Polygamy is not an unusual or shocking idea. It's been practiced by many human cultures, although because men have traditionally had most of the wealth and power, it's almost invariably polygyny rather than polyandry. Furthermore, it's clear from how many people "cheat" in supposedly monogamous relationships that seeking multiple partners is not an unnatural tendency by any means. It's also a popular subject in erotica (you can find examples by searching on Amazon for "menage"), and there are people who engage in polyamorous relationships all over the United States. You can even make a very reasonable argument that it's a Biblically sanctioned form of marriage (not that atheists care, but many of the people foaming at the mouth should).

In short, there's nothing innately wrong with polygamy, though a lot of Americans have a knee-jerk opposition to it because the only polygamy they've ever heard about is radical Mormon men living in isolation with ten barely adolescent child brides. Clearly, men marrying children is wrong, whether they marry one or a dozen. But polygamy, a form of marriage in which men and women can love and marry freely-- what's wrong with that?

Apparently quite a lot, judging from the Wikipedia article on the subject. In practice, polygamy often seems to typically involve child marriage. An extensive quote from Wikipedia:

"Polygamy has been condemned as being a form of human rights abuse, with concerns arising over domestic abuse, forced marriage, and neglect. The vast majority of the world's countries, including virtually all of the world's developed nations, do not permit polygamy, and there have been growing calls for the abolition of polygamy in many developing countries...Many international human rights organisations as well as Women's rights groups in many countries have called for its abolition where it still lingers. The practice has also been explicitly ruled to be a violation of the internationally binding ICCPR, for polygamy violates human dignity and equality, and the United Nations has thusly recommended that the practice be abolished everywhere by sovereign states."

Once again, we seem to be defining polygamy as a way of subjugating and abusing women. Perhaps it's often been this way in practice (and so, I would add, has monogamous marriage, which often treats women as property rather than as people), but there's no reason it should be this way in the United States if legalized (at least no more than monogamous marriage, which also can lead to abuse and subjugation, alas). Voluntary polygamy among consenting adults seems to me no more likely to lead to abusive situations than voluntary monogamous relationships. Indeed, it might lead to less abuse-- abuse thrives on isolation, and it's likely easier for an abuser to dominate and subjugate one spouse than five or six of them. Of course, this wouldn't be true of a single man with numerous women from a church that tells them they must submit to their husband's will. I will admit I'm thinking here of true polygamy-- several men and several women in a group-- without the taint of fundamentalist religion involved. To my knowledge this has never been tried on a large scale before.

Unlike gay marriage, however, there are some practical issues with legalizing polygamy. Our society is set up on the assumption that every person can only have one spouse (at a time, anyway!). If polygamy were allowed, the tax system would have to change, and so would health insurance (you could hardly expect insurance companies to cover ten spouses for the price of one).
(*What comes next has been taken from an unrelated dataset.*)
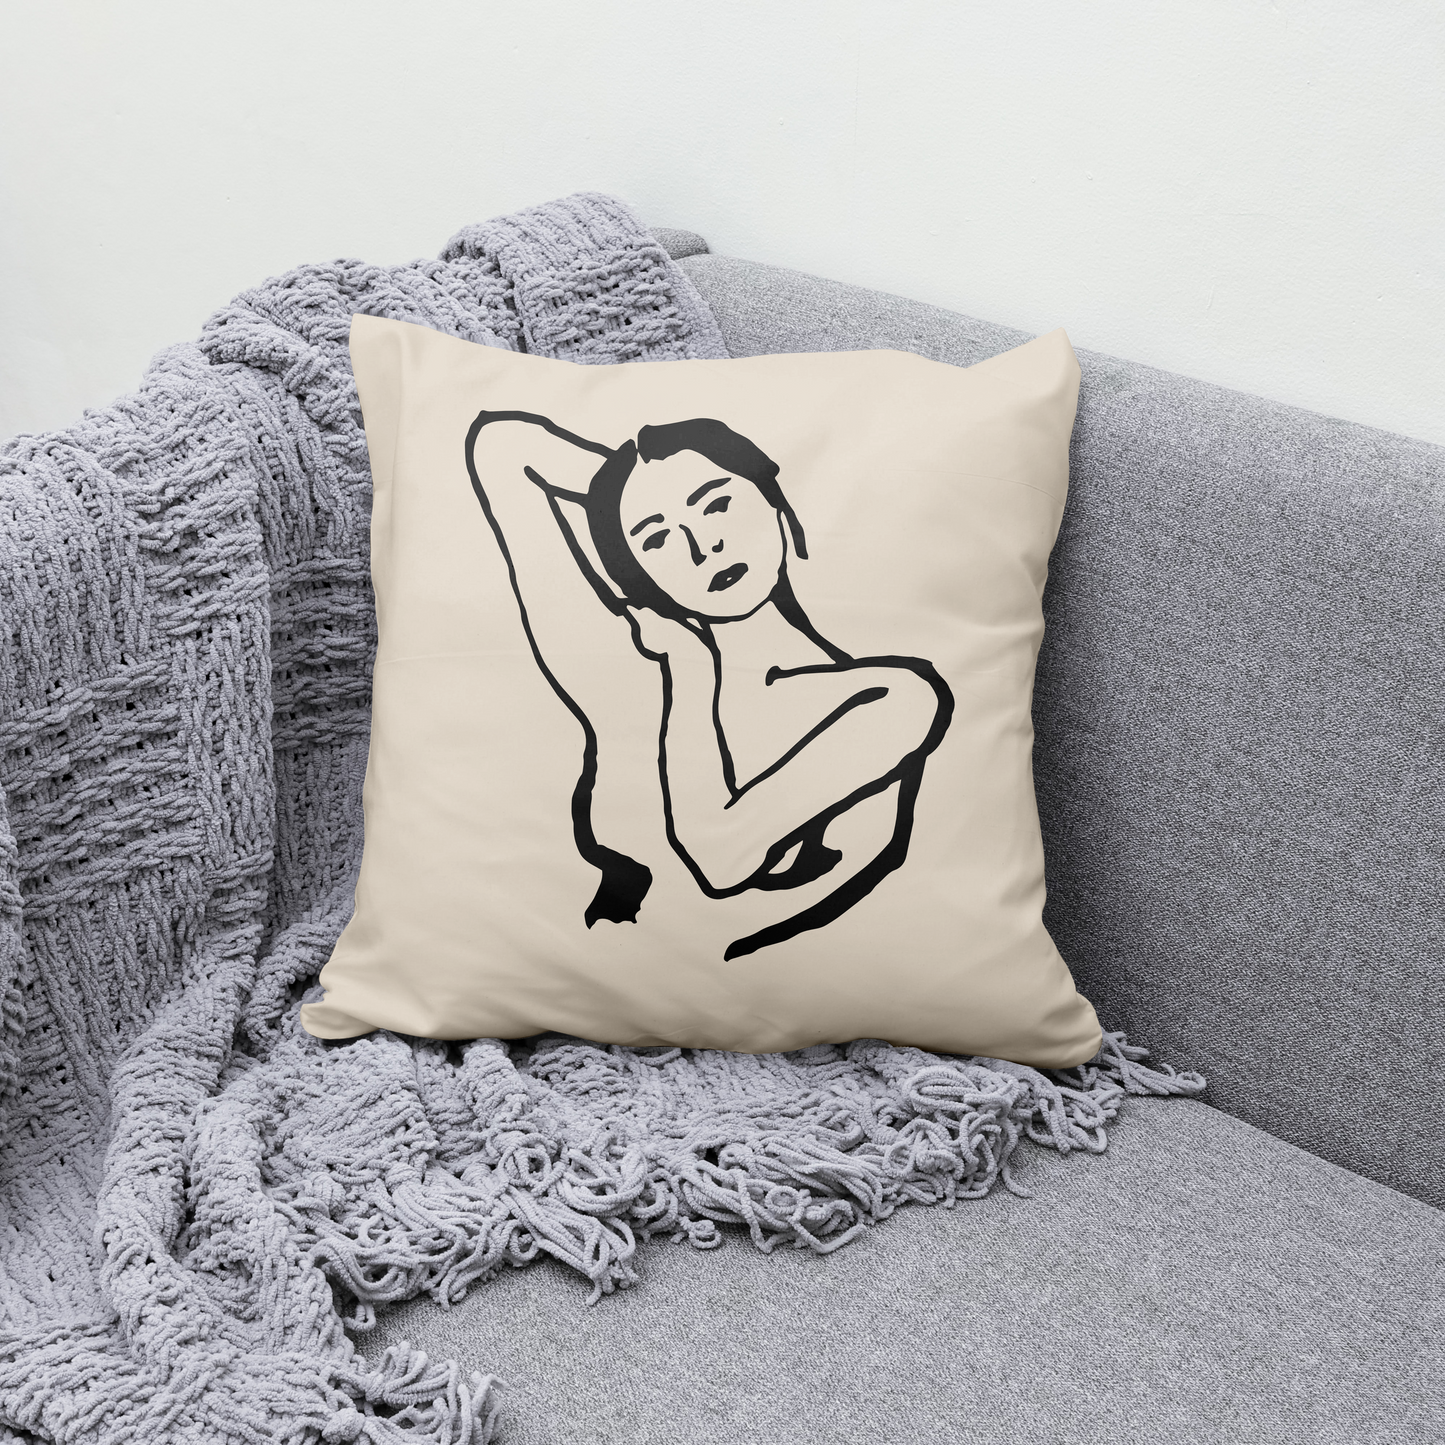 Line Art Woman Throw Pillow

Divorce and wills would become far more complex-- dividing up property amongst ten people, and determining custody of children, is not as easy as splitting it up between two. These are difficult, but not insuperable problems. And they are very probably problems we will have to deal with, sooner or later. If several consenting adults want to marry each other, why are they less entitled to that right than any two consenting adults?